** PROVIDED MATERIAL follows **
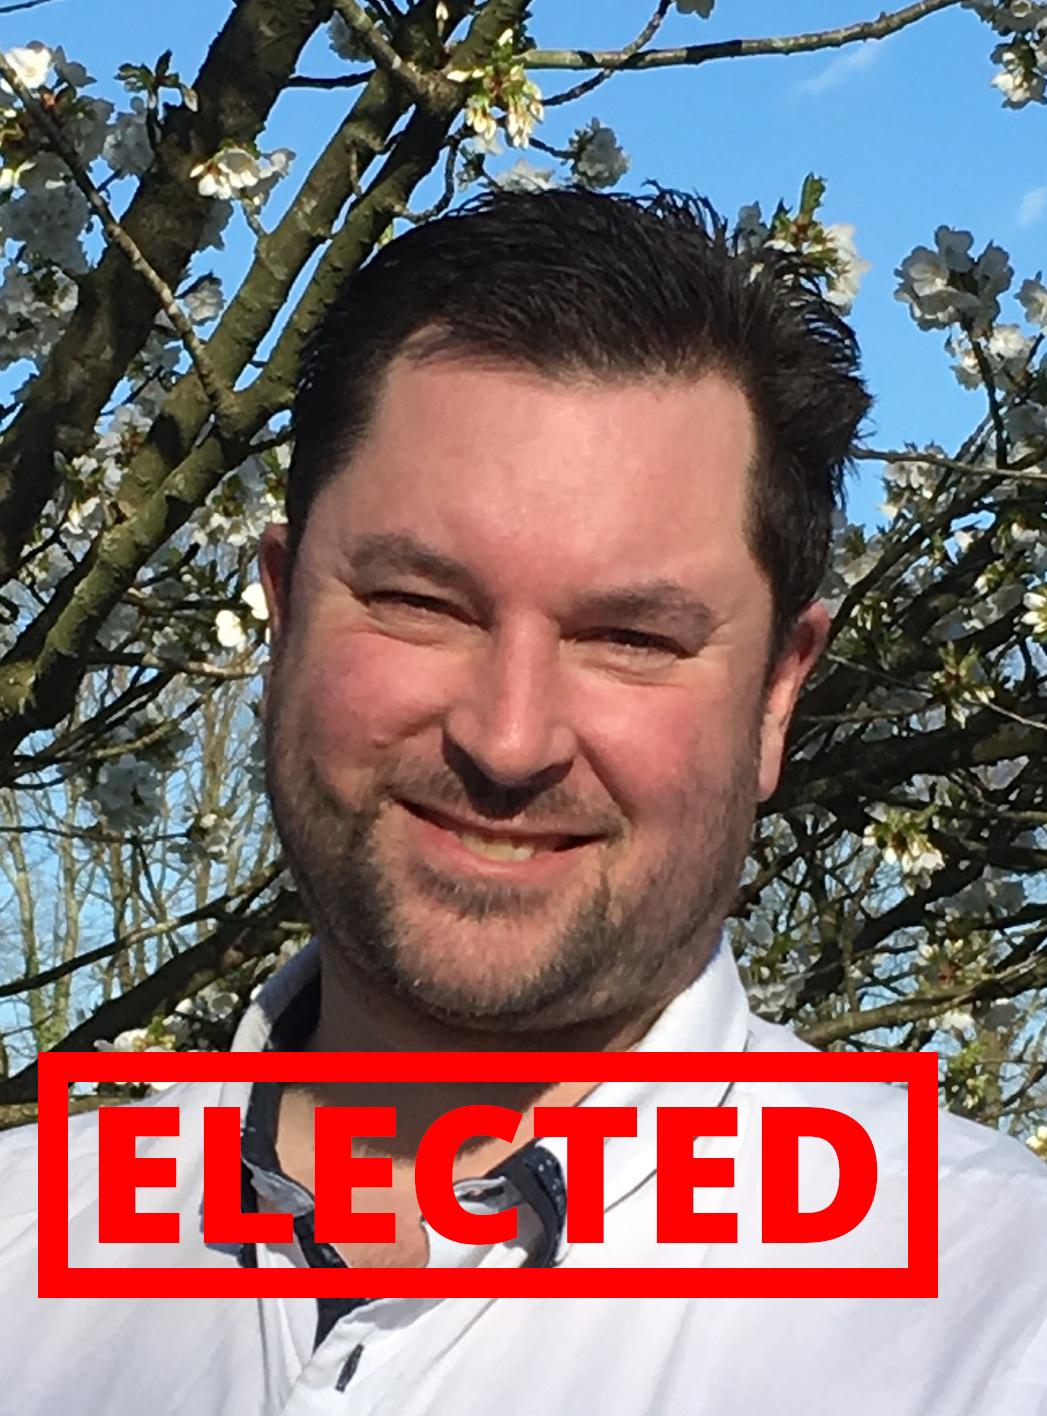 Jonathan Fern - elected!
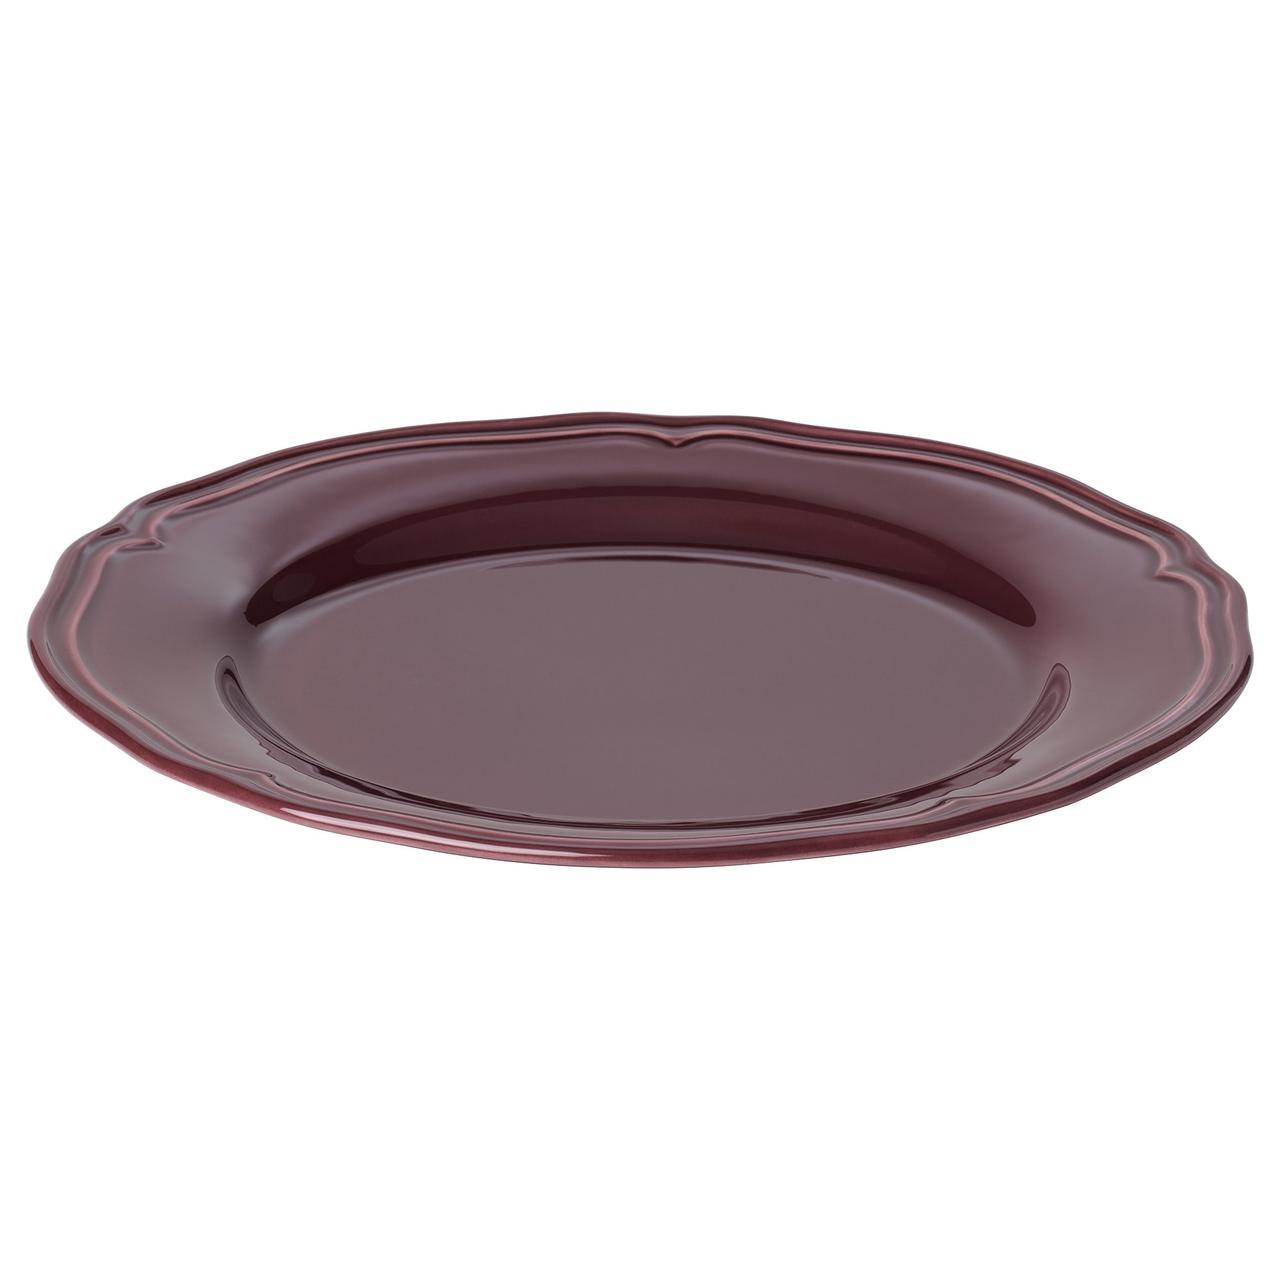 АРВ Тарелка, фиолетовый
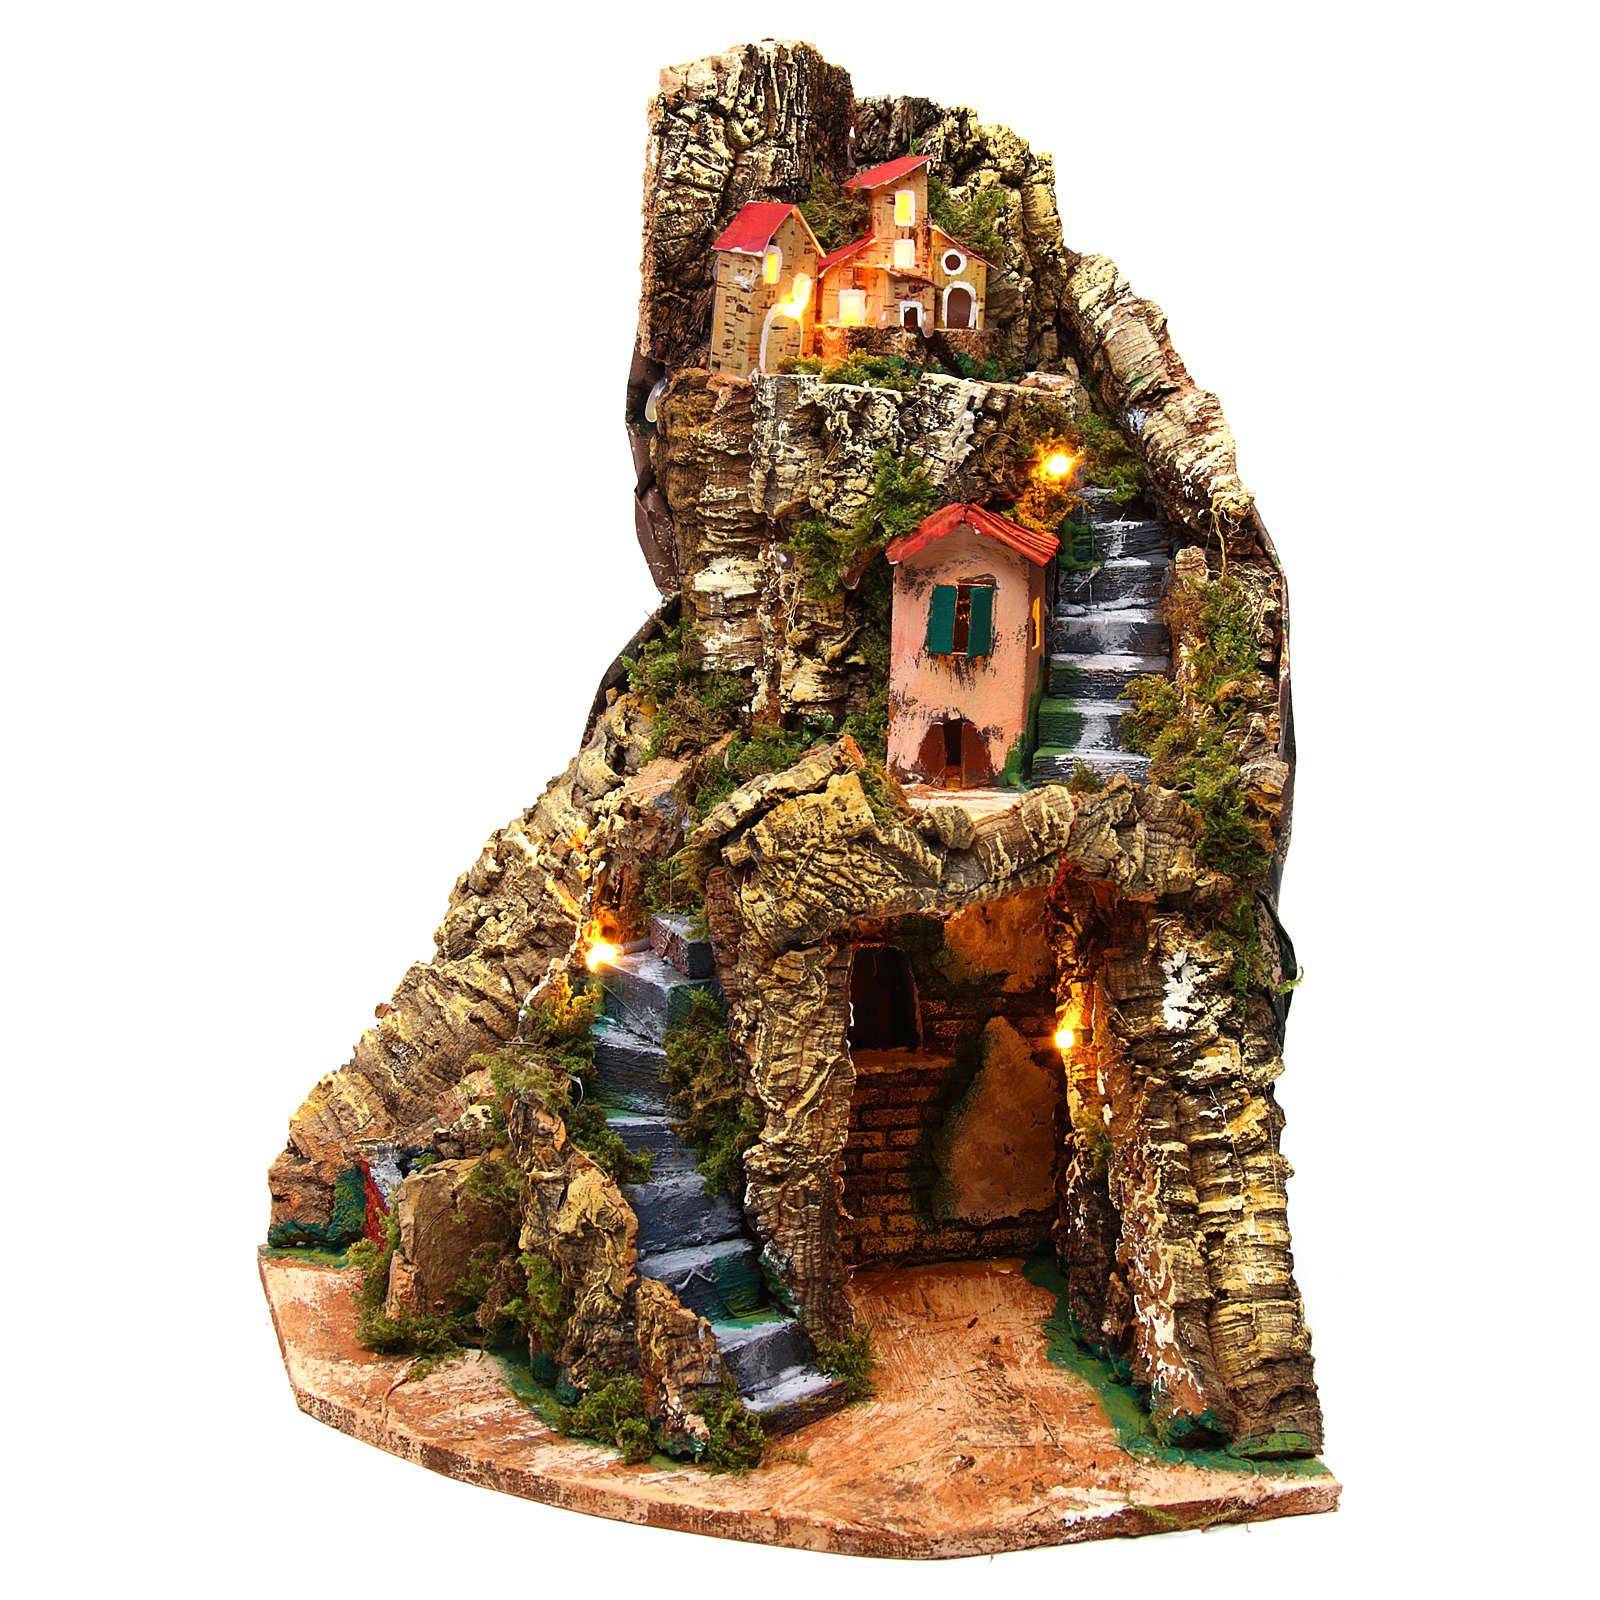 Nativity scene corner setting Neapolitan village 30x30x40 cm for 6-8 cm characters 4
** End of PROVIDED MATERIAL **
WORK REQUIRED — Take the lines from the one containing "АРВ Тарелка, фиолетовый" through the last line of the listing and repeat them exactly. Omit the pictures.

SOLUTION TO THE PROBLEM —
 АРВ Тарелка, фиолетовый
 Nativity scene corner setting Neapolitan village 30x30x40 cm for 6-8 cm characters 4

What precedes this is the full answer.